● **Problem description**: Everything from the line containing "Магнитный конструктор magical" through the line containing "Tallados ornamentados en" in the listing below should be copied exactly, and nothing more.

● **Records for this task**:
- - - - -

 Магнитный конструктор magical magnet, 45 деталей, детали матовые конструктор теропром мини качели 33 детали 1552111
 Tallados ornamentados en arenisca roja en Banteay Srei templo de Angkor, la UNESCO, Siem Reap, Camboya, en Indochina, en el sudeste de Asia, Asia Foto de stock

- - - - -

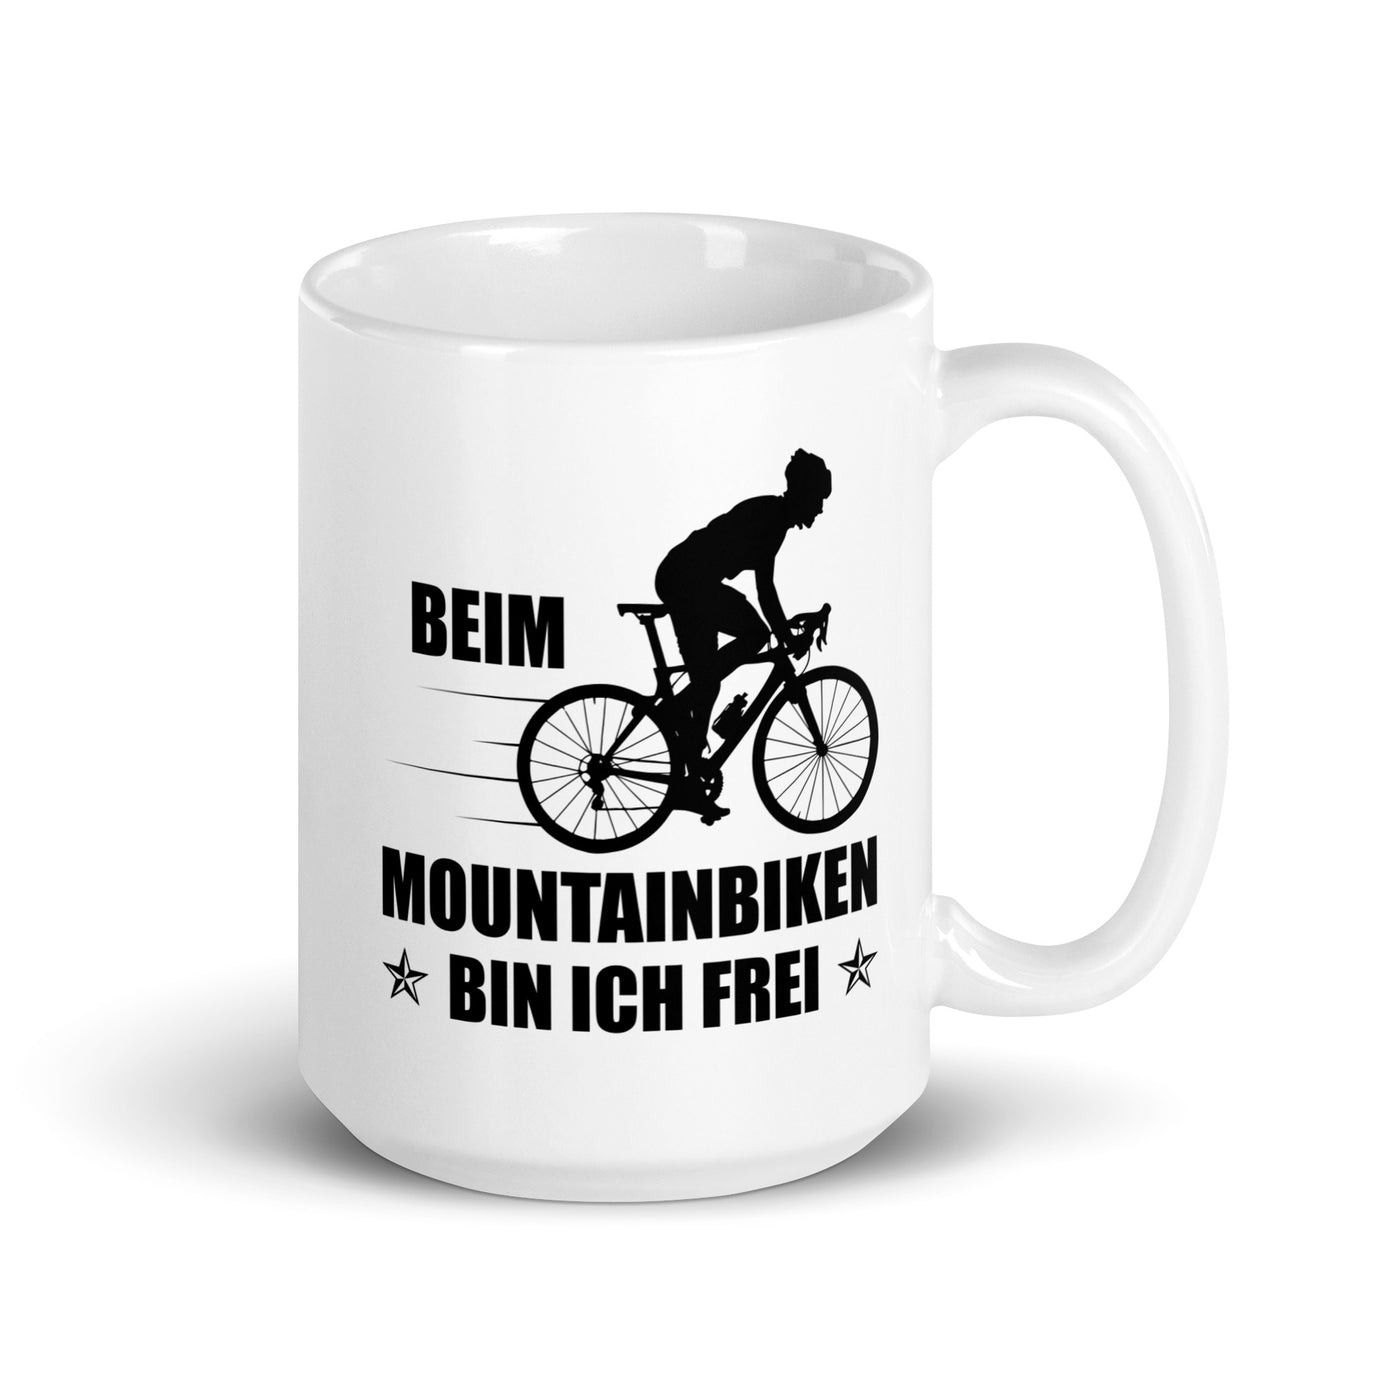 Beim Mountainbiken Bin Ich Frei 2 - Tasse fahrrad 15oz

- - - - -

● **Finished exercise**:
 Магнитный конструктор magical magnet, 45 деталей, детали матовые конструктор теропром мини качели 33 детали 1552111
 Tallados ornamentados en arenisca roja en Banteay Srei templo de Angkor, la UNESCO, Siem Reap, Camboya, en Indochina, en el sudeste de Asia, Asia Foto de stock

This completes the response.